On these High Holy days, these Yamim Noraim, when we stand in awe of the mysteries of life and death, good and evil, sin and redemption – we should embrace these questions, not be afraid of them or sweep them under the rug. If religion, if Judaism, really matters – it needs to comfort us when we are weary but also move us from our comfort zone so that we can move up the ladder of understanding. It needs to be soul-wrenching and soul-satisfying at the same time. How lucky we are to have in our yearly cycle days set aside for just this kind of spiritual challenge.
Tonight, we have marked the start of a new year – falling as it does on our Jewish calendar of the new moon of the month of Tishrei. We know that in the cycles of the sun and moon and physical universe, this is an arbitrary date. It is not the actual anniversary of the creation of the world. Yet from the soul’s perspective, this season is pregnant with possibilities. We give it the meaning that we need. We call out to God – chadeysh aleynu shana tova, renew for us a good year -- but God answers, it is in your hand, your control. you must make yourself new. I have given you all that you need, now act on it.
We can write in the Book of Life a year of optimism and success for our Temple, by reaching within to create stronger ties with each other, and reaching outwards to connect with Jews wherever they are. We can renew our vision for Beth-El by remembering our history, but not being bound by it. And we can renew our personal relationship to Judaism and God as well – by reaching below the surface of the ordinary, to ask the deeper questions of life.

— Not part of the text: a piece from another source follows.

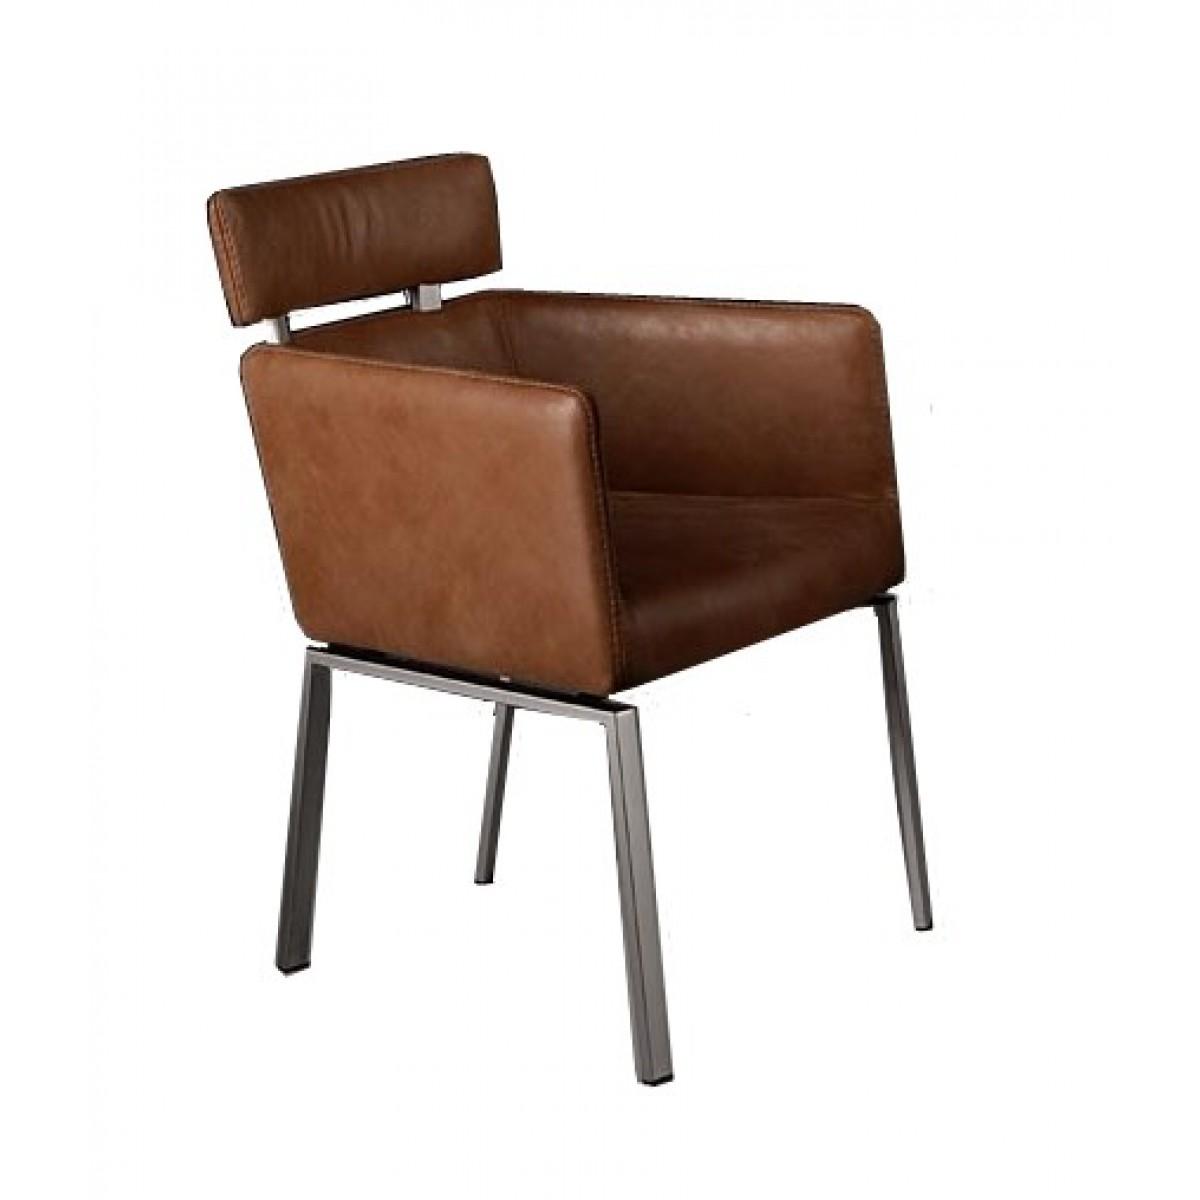 sabine-armstoel-eetkamerstoel-stoel-leer-leder-africa-stonewash-toledo

The sweetness of the honey on the apples; the persistent sound of the shofar; even the fasting of Yom Kippur – prepare us to enter the new year. But if we merely drag our old self along, it will be a repeat of last year, and the year before, and the year before. Judaism is not a set of rules, rituals and stories, it is a method of encountering the world and aligning ourselves with a greater unity.
One of my favorite stories is that of the Nobel prize winning scientist who explained that all that he accomplished was due to his mother. Each day as a little boy he would come home from school and she would ask: Izzy, did you ask a good question today? Not, what did you learn. But, did you ask a good question. She knew that questioning opens up new worlds and leads to true understanding.
In this new year, may we ask good questions of our temple and of Judaism, of God and of ourselves. And may the answers pave the way to a good year – a year of commitment to our Temple, our Judaism, our God, and the best that is in each of us.